- _What the task asks_:
Images should be left out, and everything else in the listing reproduced exactly.

- _Data block_:
+++
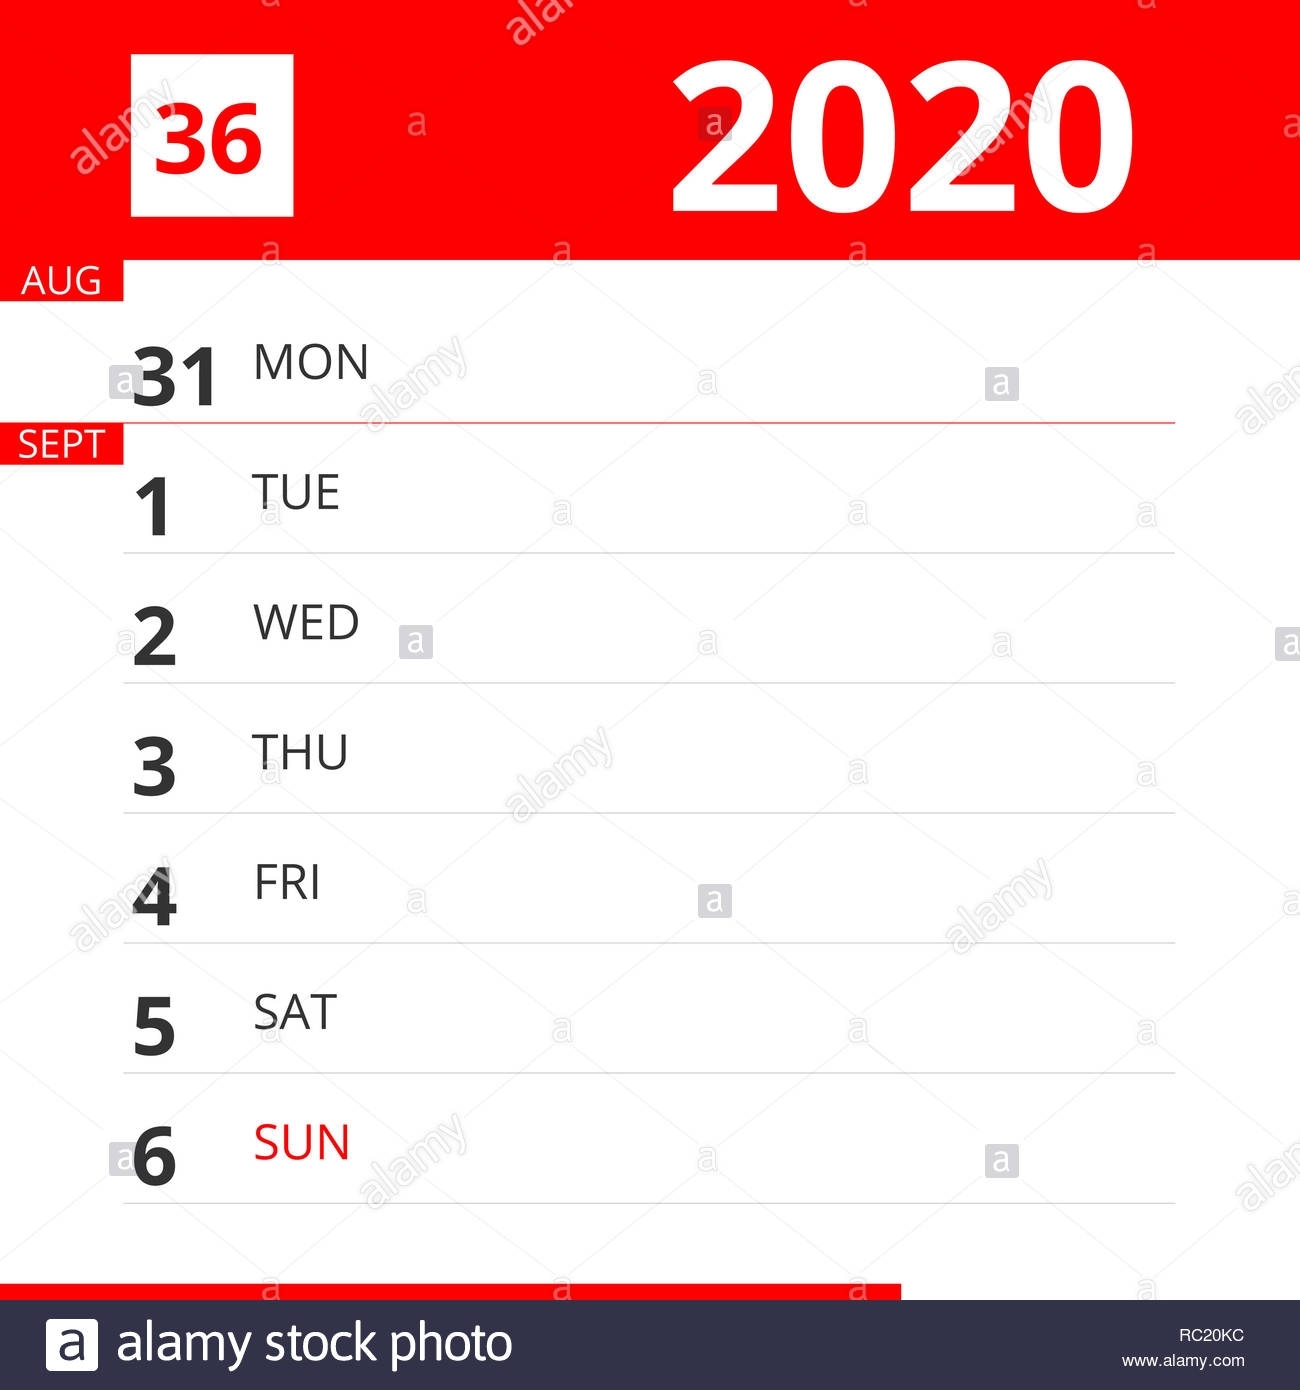 Calendar Planner For Week 36 In 2020, Ends September 6, 2020
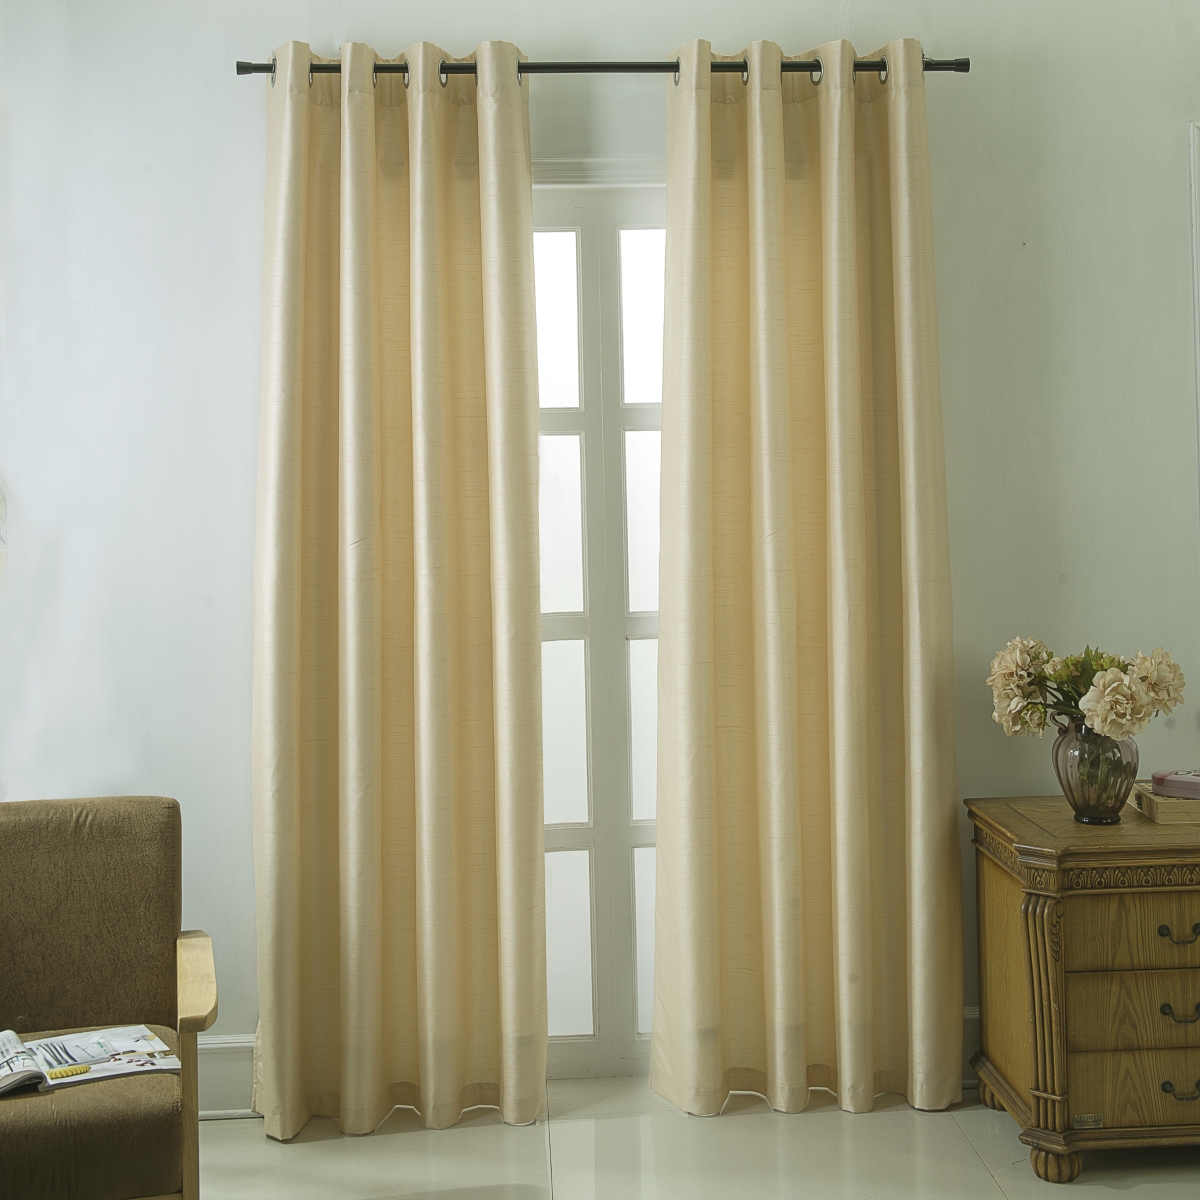 Pns18505 Shelton Faux Silk Room Darkening Grommet Single Curtain Panel In Beige - 54 X 84 In.
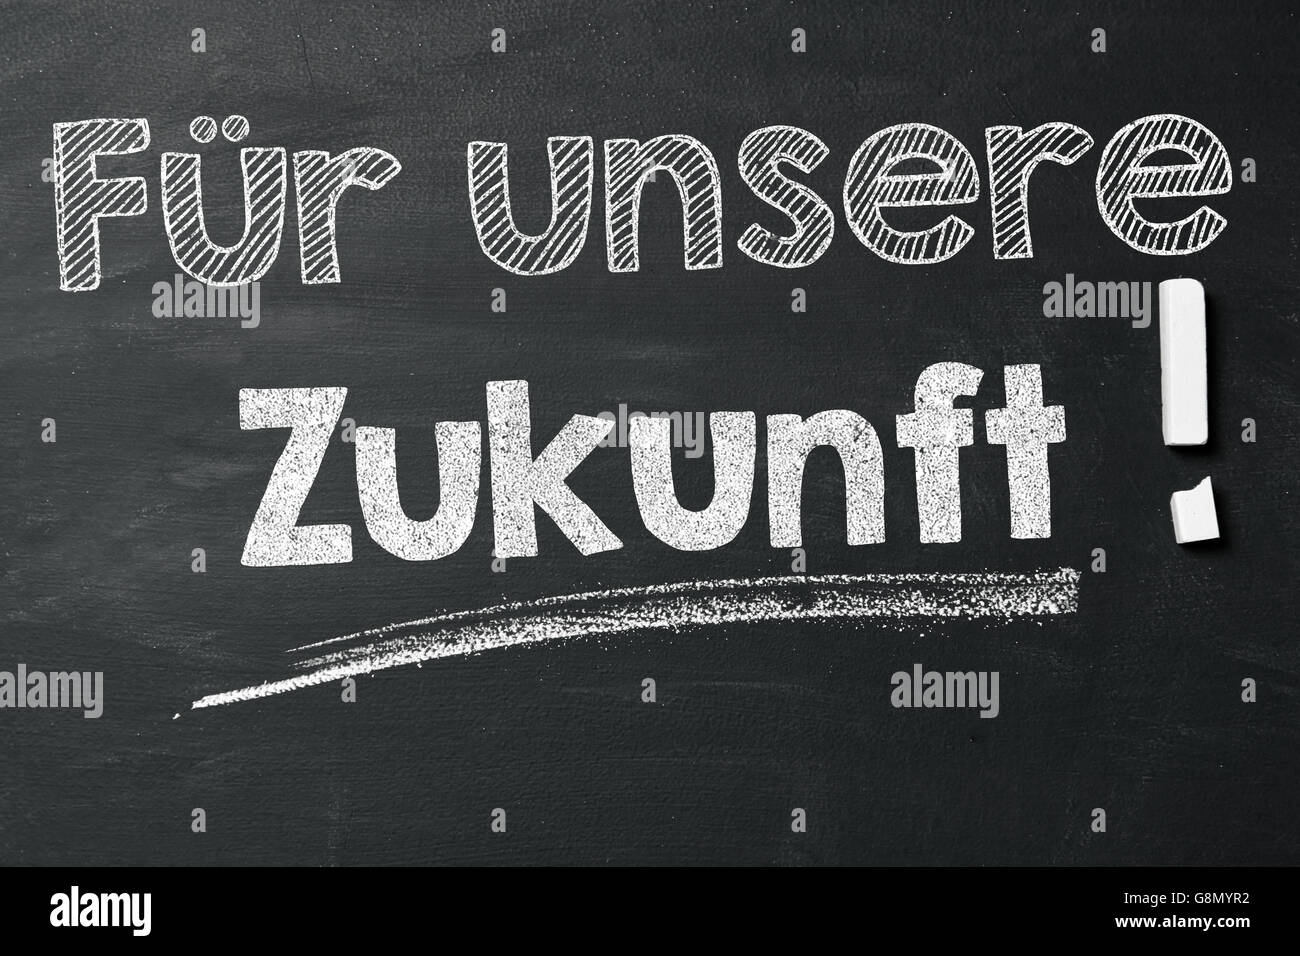 Espressione tedesca "Für unsere Zukunft!" (per il nostro futuro!) con un gessetto sulla lavagna Foto Stock
+++
- _Finished task_:
 Calendar Planner For Week 36 In 2020, Ends September 6, 2020
 Pns18505 Shelton Faux Silk Room Darkening Grommet Single Curtain Panel In Beige - 54 X 84 In.
 Espressione tedesca "Für unsere Zukunft!" (per il nostro futuro!) con un gessetto sulla lavagna Foto Stock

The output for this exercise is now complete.